— Ведь все правда, да? — спрашивал Петр Елисеич, размахивая черновой. — Вот когда привелось сказать им все… Меня беспокоит только одно. Конечно, в прежнем виде дело оставаться не может, но введение реформ на заграничный манер связано с некоторыми практическими неудобствами. Например, я проектирую печь Сименса. Прекрасная вещь сама по себе, потому что не потребуется практикующейся нынче сушки дров, а потом и дров потребуется вдвое меньше, потому что в дело пойдет и хворост, и щепы, и разный хлам. Теперь мы тратим около пятнадцати тысяч кубических сажен дров, а тогда потребуется всего пять тысяч. Теперь с сушкой дрова нам обходятся около восьми рублей сажень, а тогда будет стоить сажень сырых дров всего четыре рубля. Ведь отлично, потому что получается громадное сбережение. А между тем выходит такая штука: сто пятьдесят дроворубов при двухстах лошадях останутся без дела, да около шестидесяти человек поденщиц-дровосушек. Они, эти дровосушки, вышли на работу после воли первыми, и первыми же должны остаться без работы. У меня это просто на совести. И так в каждой статье. Чтобы не сделать такой переход слишком резким, необходимо расширить производство и ввести новые работы, как, например, добывание торфа. Но когда еще и что будет, а придется начать с сокращения старых работ. Меня эта мысль просто убивает. Положим, в Европе давно все машина делает, а мы еще должны переживать этот болезненный переход от ручного труда к машинному производству. Другой пример: кричное производство… Ведь это наша слава и гордость, кричное полосовое железо лучше прокатанного в машине, а между тем мы должны его закрыть, как невыгодную статью. Лучшие мастера останутся без дела…

— Что будешь делать… — вздыхал Груздев. — Чем дальше, тем труднее жить становится, а как будут жить наши дети — страшно подумать. Кстати, вот что… Проект-то у тебя написан и бойко и основательно, все на своем месте, а только напрасно ты не показал мне его раньше.

— А что?

— Неладно маленько, Петр Елисеич… Ты уж меня извини, а я тебе пряменько скажу: неладно. Видишь, какая штука выходит: старое-то дело ты все охаял… так? Все неладно выходит по-твоему, так?

— Конечно… Можно сказать больше: одно безобразие у нас было. Но ведь я говорю о крепостном времени.

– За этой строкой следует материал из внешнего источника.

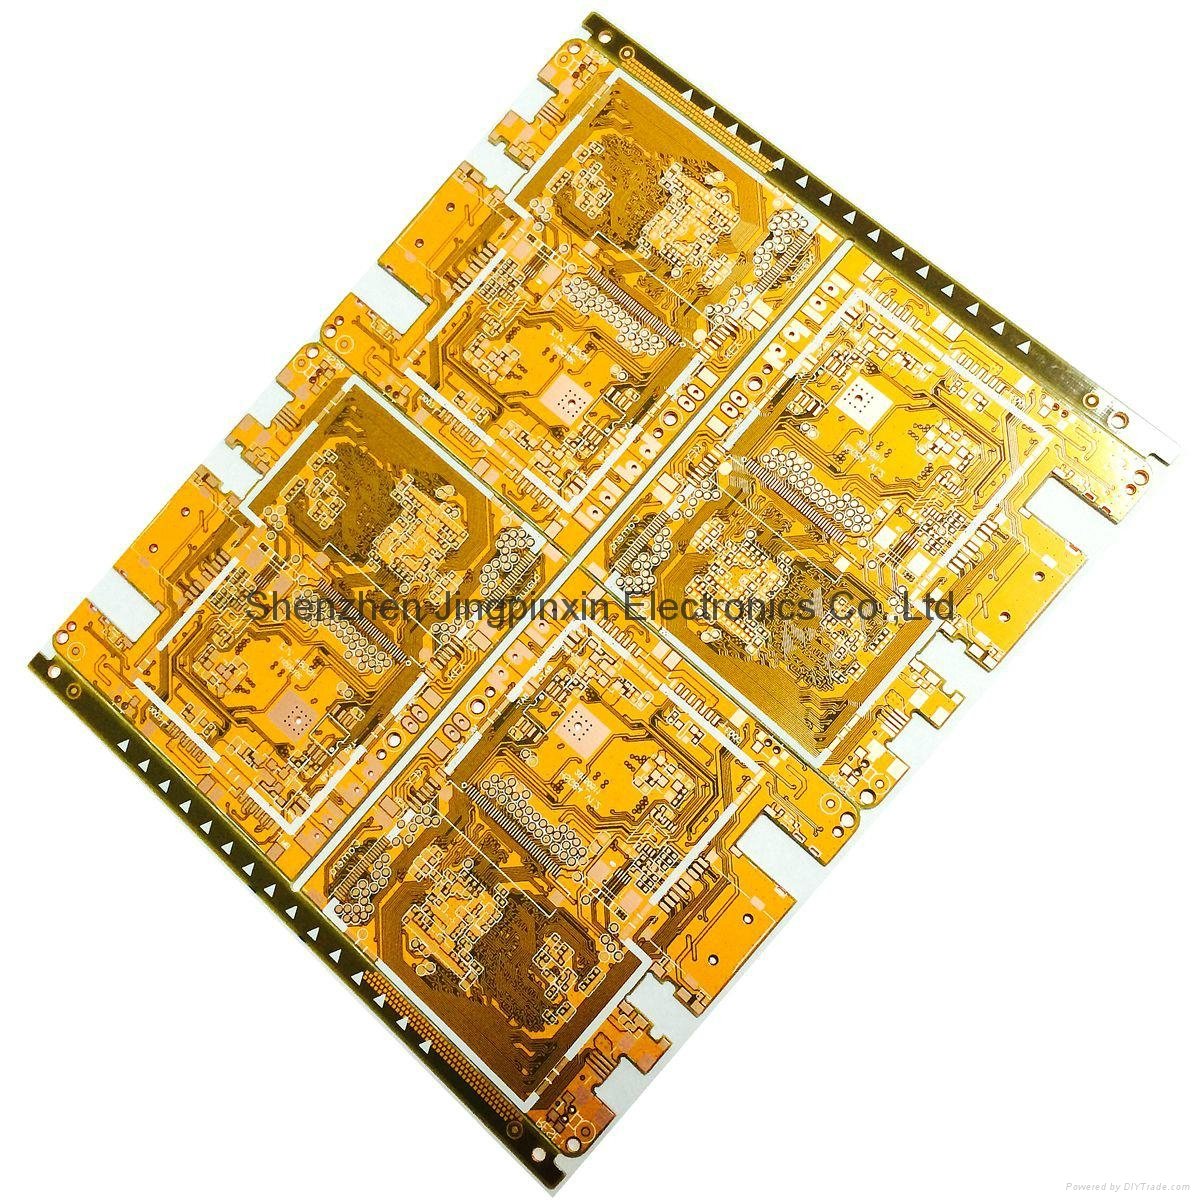 With UL Approval Printed Circuit Board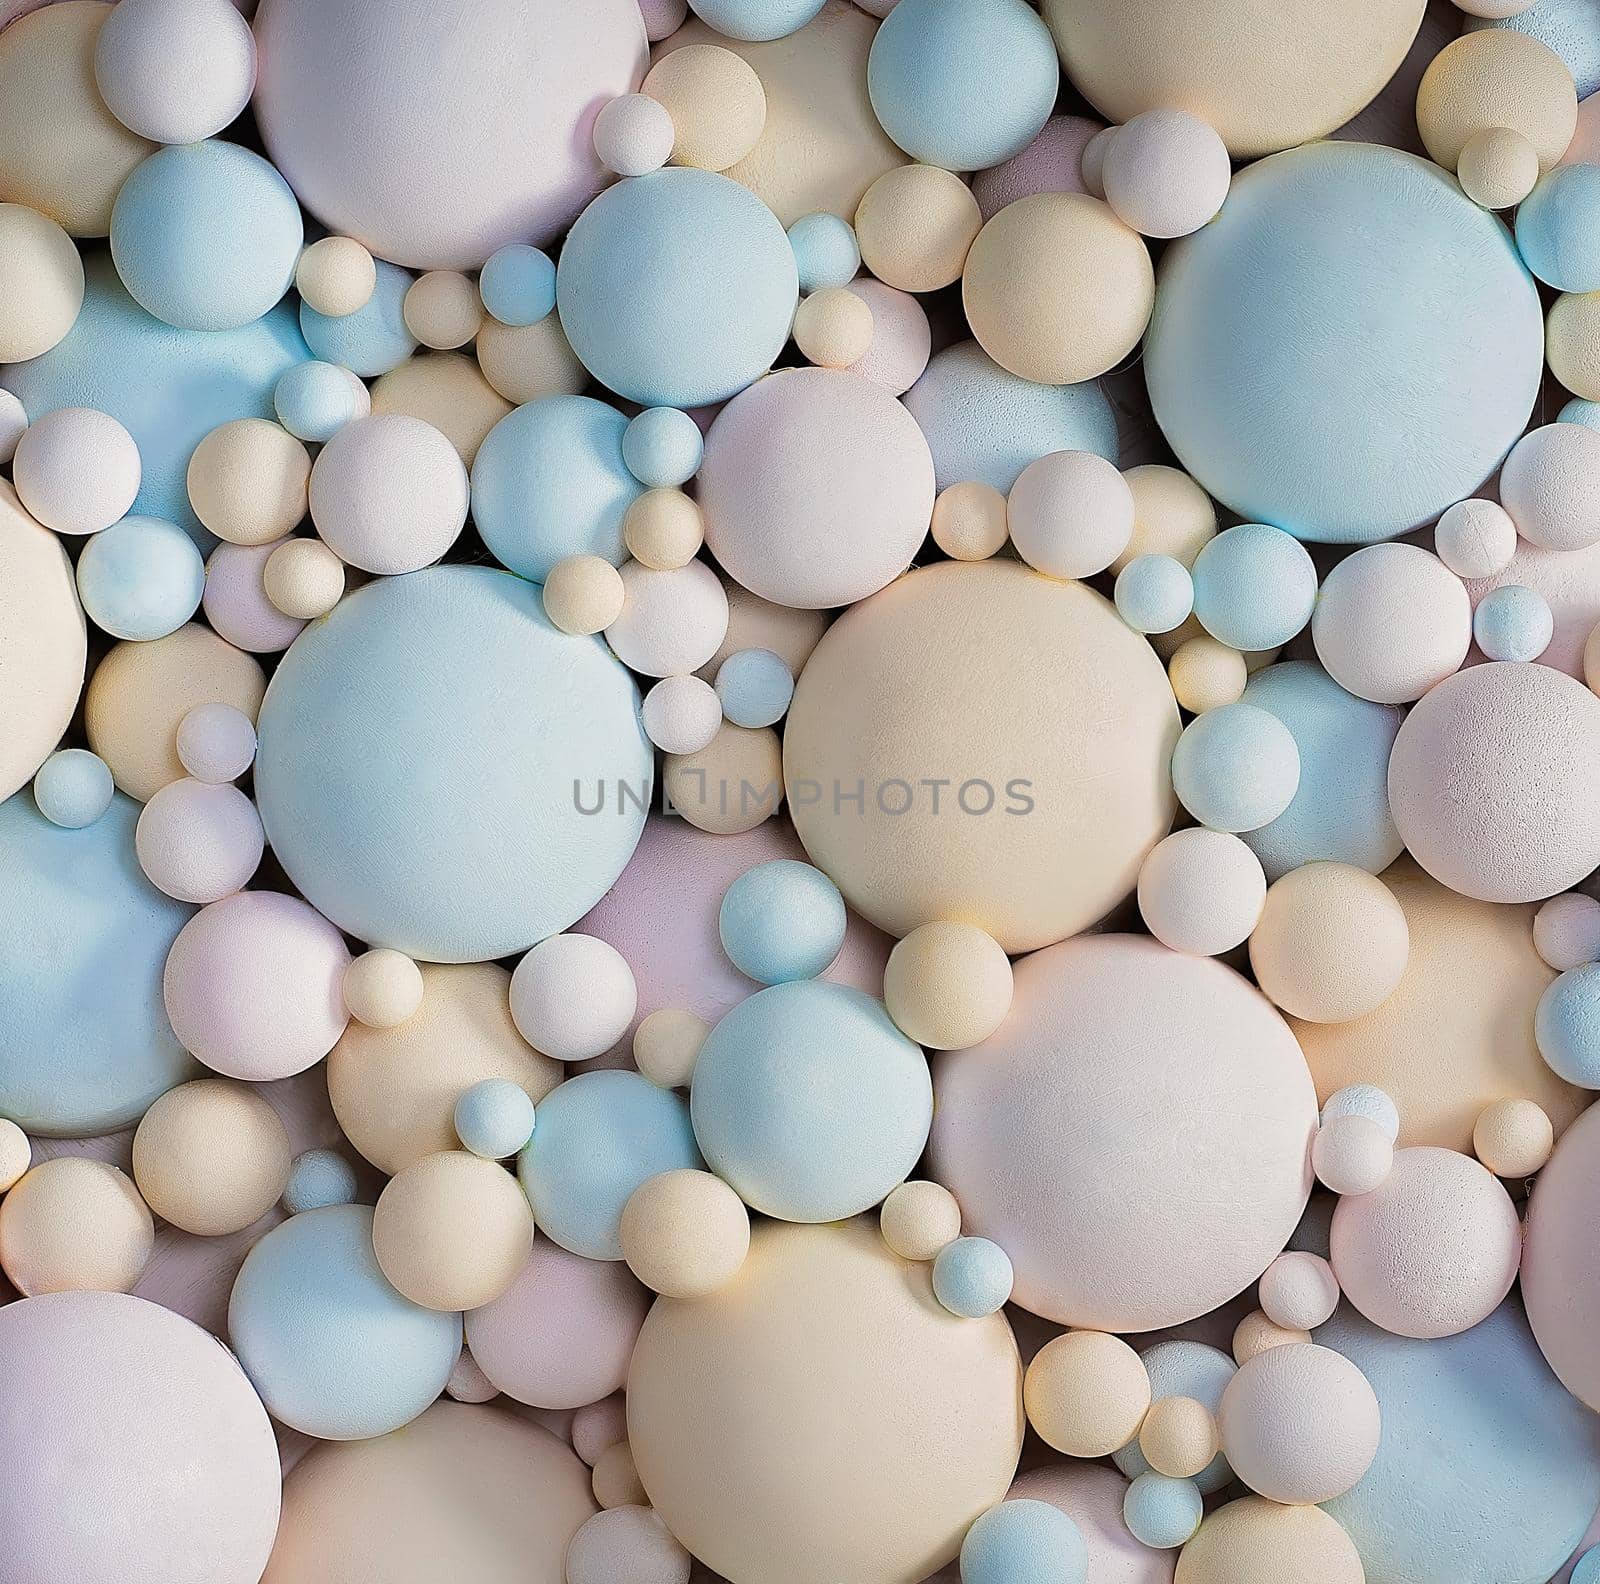 Abstract 3d background with pastel colors matte balls. delicate blue, pink, beige balls different sizes of spherical shape. texture background. Close-up. High quality photo

— Так-то оно так, а кто твой проект читать будет? Лука Назарыч… Крепостное право изничтожили, это ты правильно говоришь, а Лука Назарыч остался… Старухи так говорят: щука-то умерла, а зубы остались… Смотри, как бы тебе благодарность из Мурмоса кожей наоборот не вышла. Один Овсянников чего стоит… Они попрежнему гнут, чтобы вольного-то мужика в оглобли завести, а ты дровосушек да кричных мастеров здесь жалеешь. А главная причина. Лука Назарыч обидится.

— А ведь ты верно говоришь, — согласился обескураженный Петр Елисеич. — Как это мне самому-то в голову не пришло? А впрочем, пусть их думают, что хотят… Я сказал только то, что должен был сказать. Всю жизнь я молчал, Самойло Евтихыч, а тут прорвало… Ну, да теперь уж нечего толковать: дело сделано. И я не жалею.

В свою очередь Груздев приехал тоже потолковать о своих делах. По раскольничьей привычке, он откладывал настоящий разговор вплоть до ночи и разговорился только после ужина, когда Нюрочка ушла спать, а они остались за столом с глазу на глаз.

— Надумал я одну штуку, Петр Елисеич, — нерешительно заговорил Груздев, поглядывая на хозяина сбоку. — Надумал, да и страшно как-то…

— Именно?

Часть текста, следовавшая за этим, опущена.